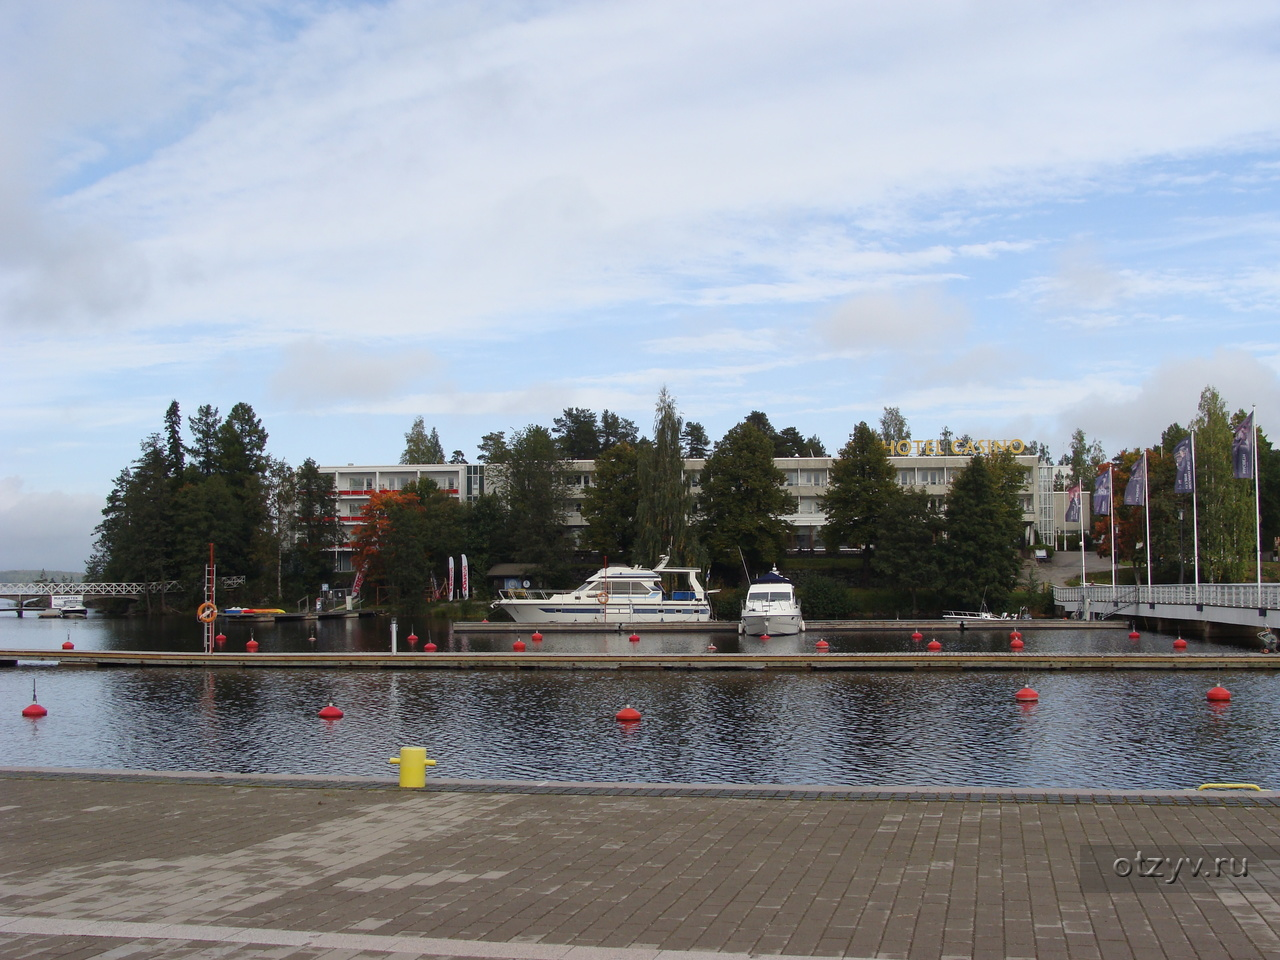 Отзывы об отеле казино в финляндии игры казино реал
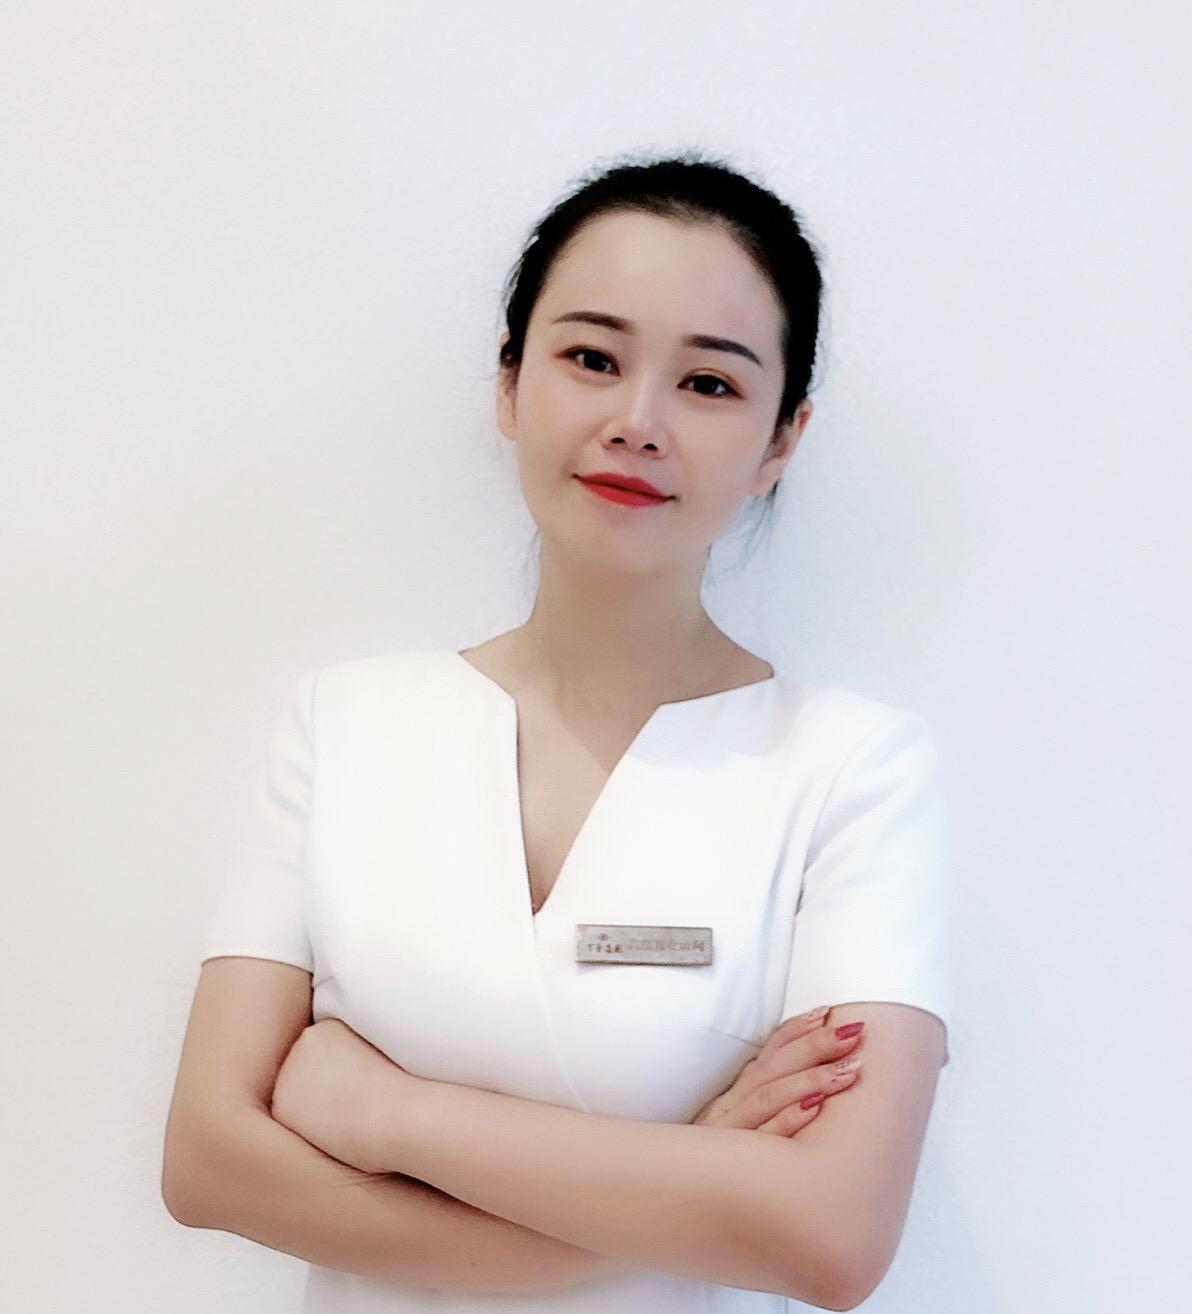 万景进园-张媛红
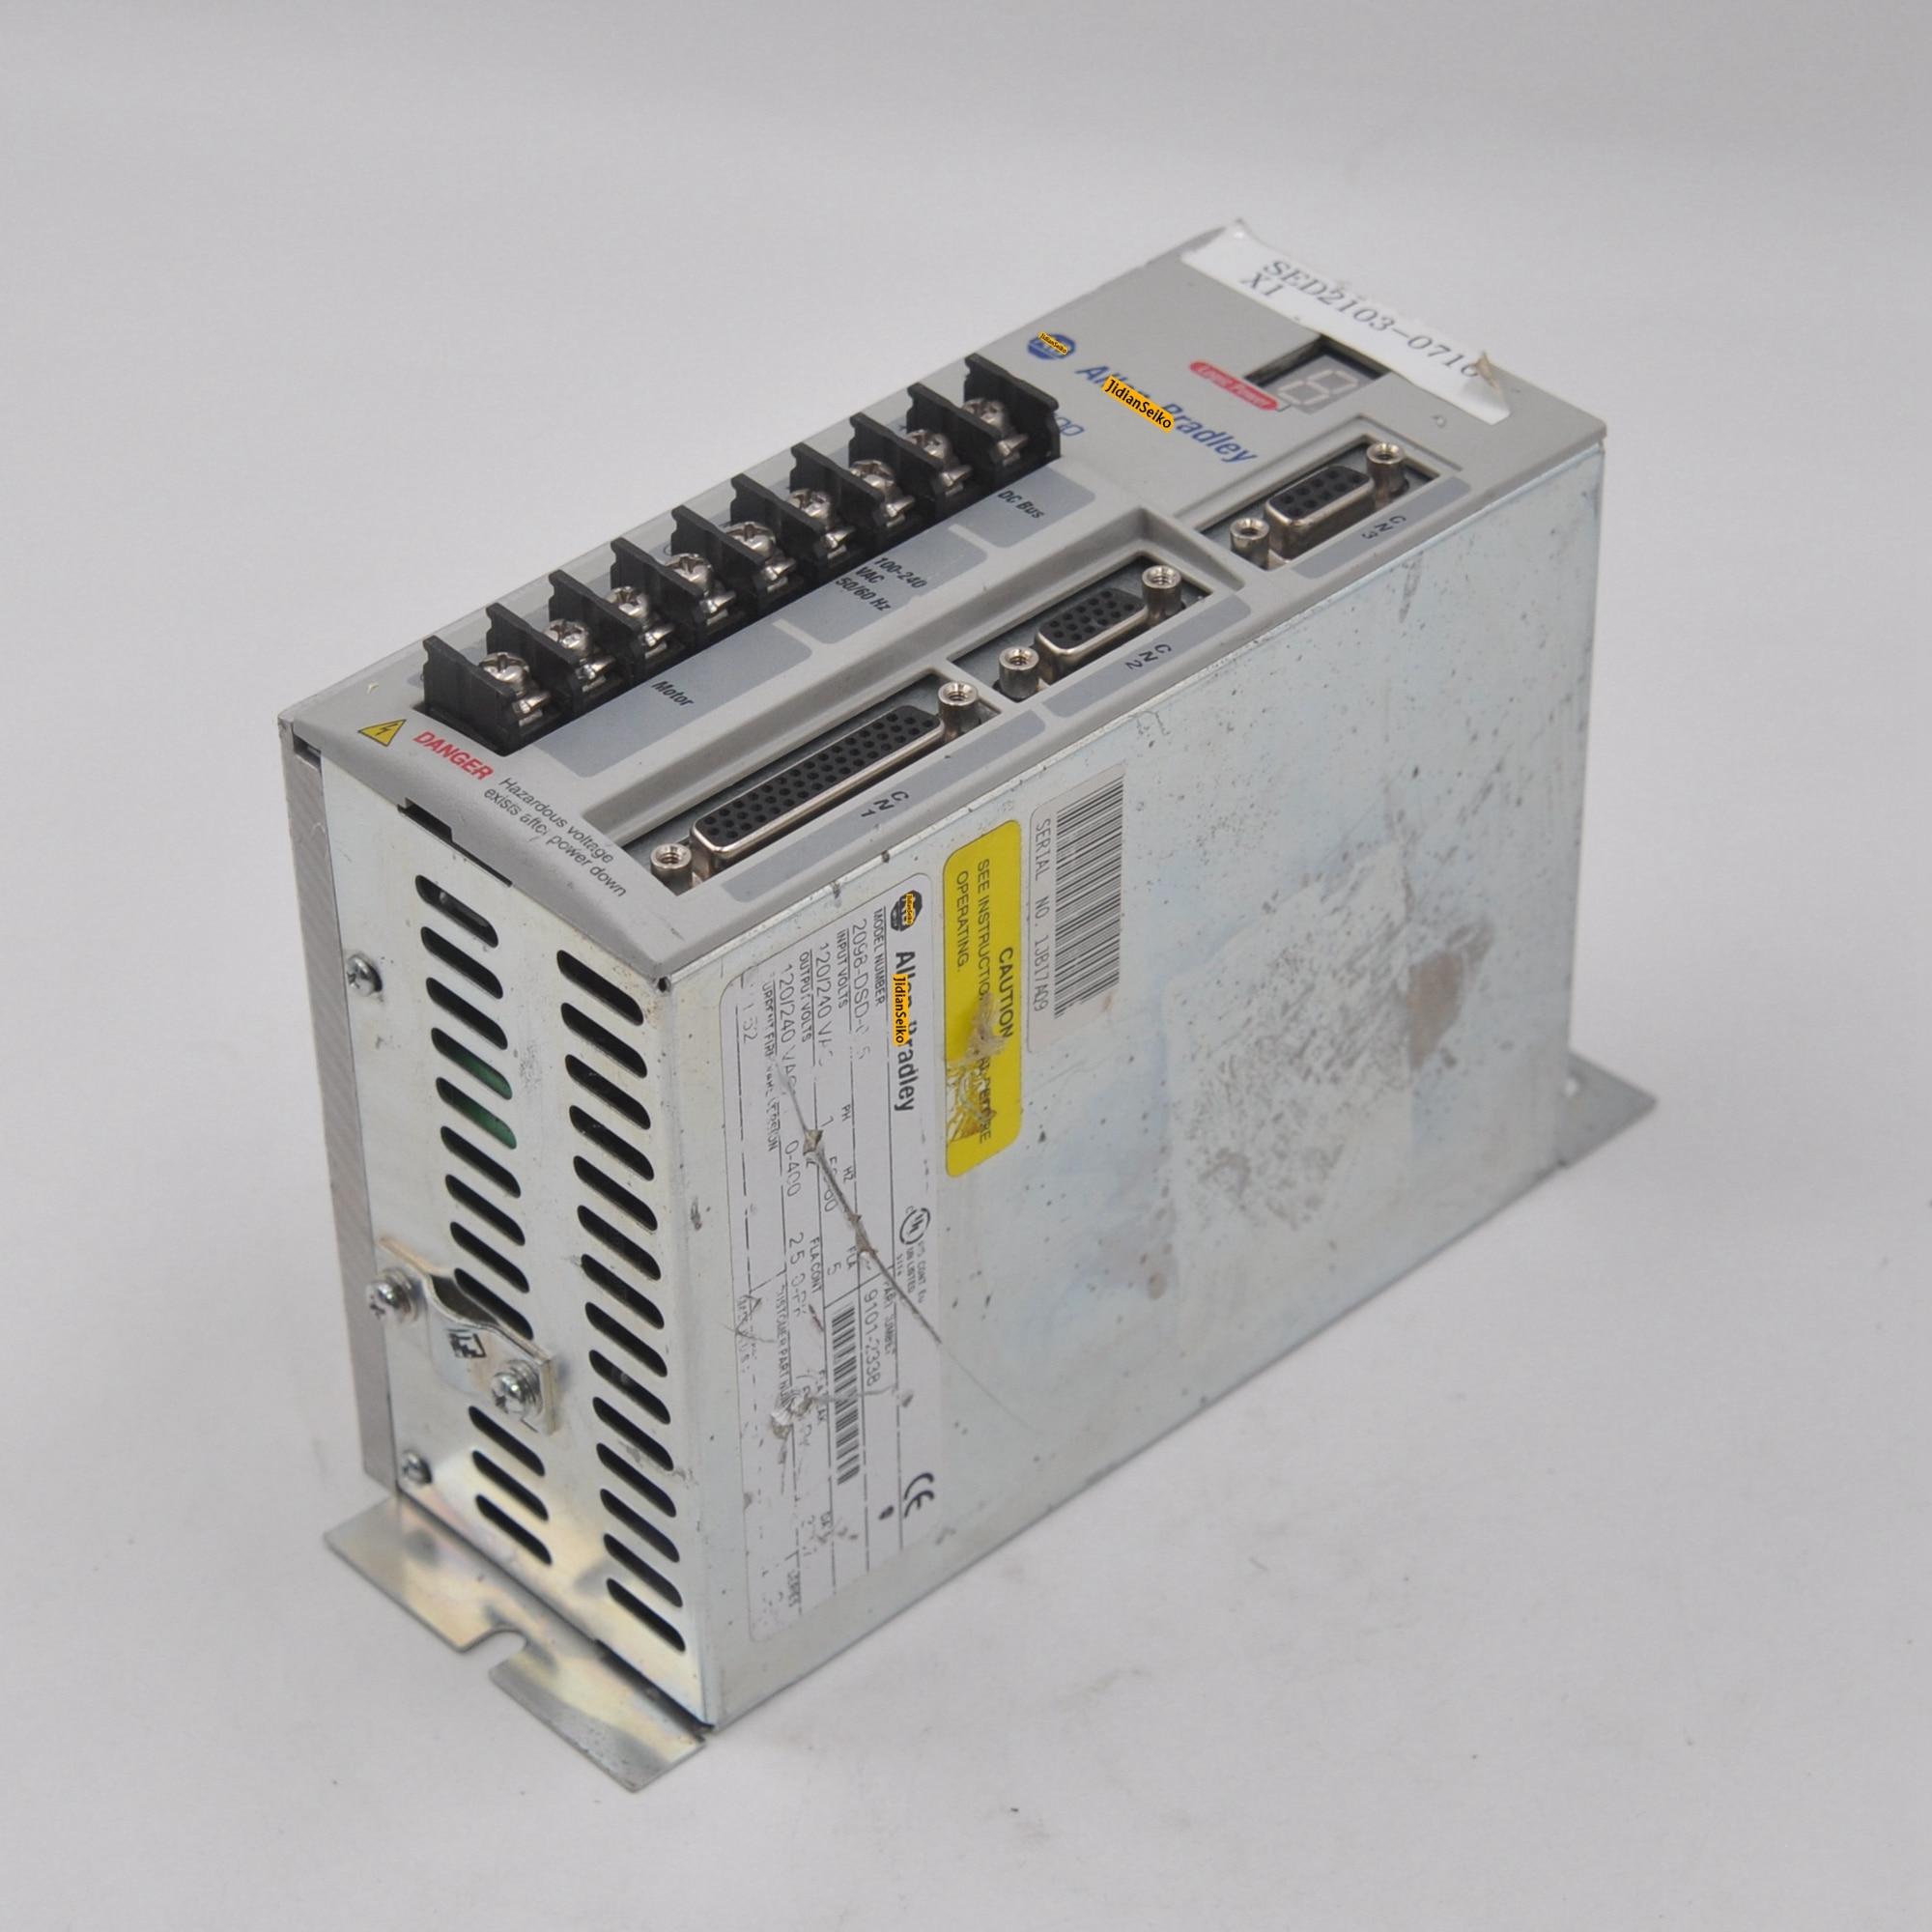 2098-DSD-005 servo controller enlarge
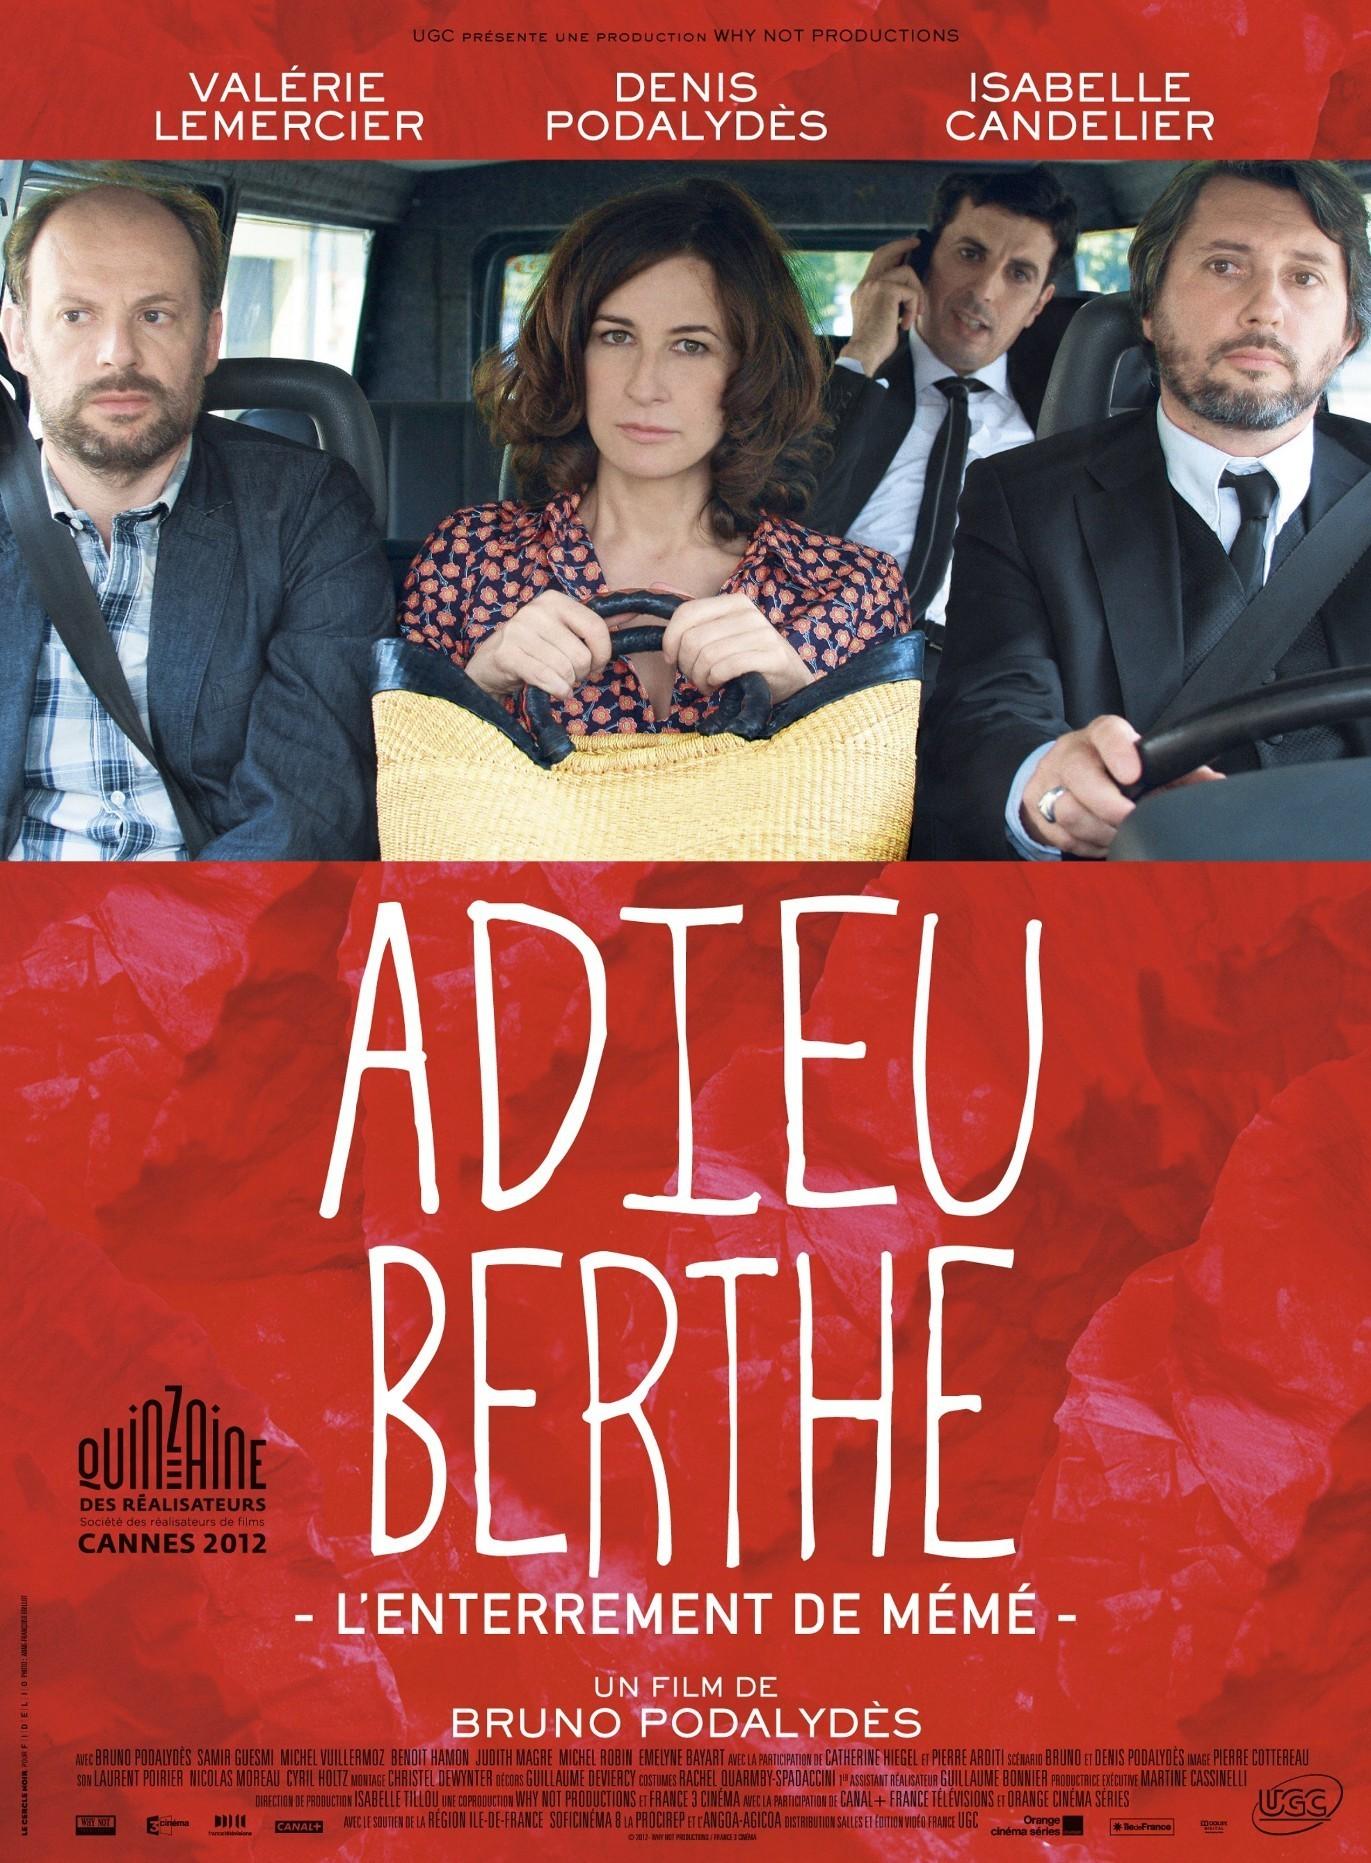 affiche du film Adieu Berthe

▸ PROBLEM TO SOLVE: Every line of the data is to be transcribed exactly, and no picture is to be included.

▸ OUTPUT OF THE TASK:
 Отзывы об отеле казино в финляндии игры казино реал
 万景进园-张媛红
 2098-DSD-005 servo controller enlarge
 affiche du film Adieu Berthe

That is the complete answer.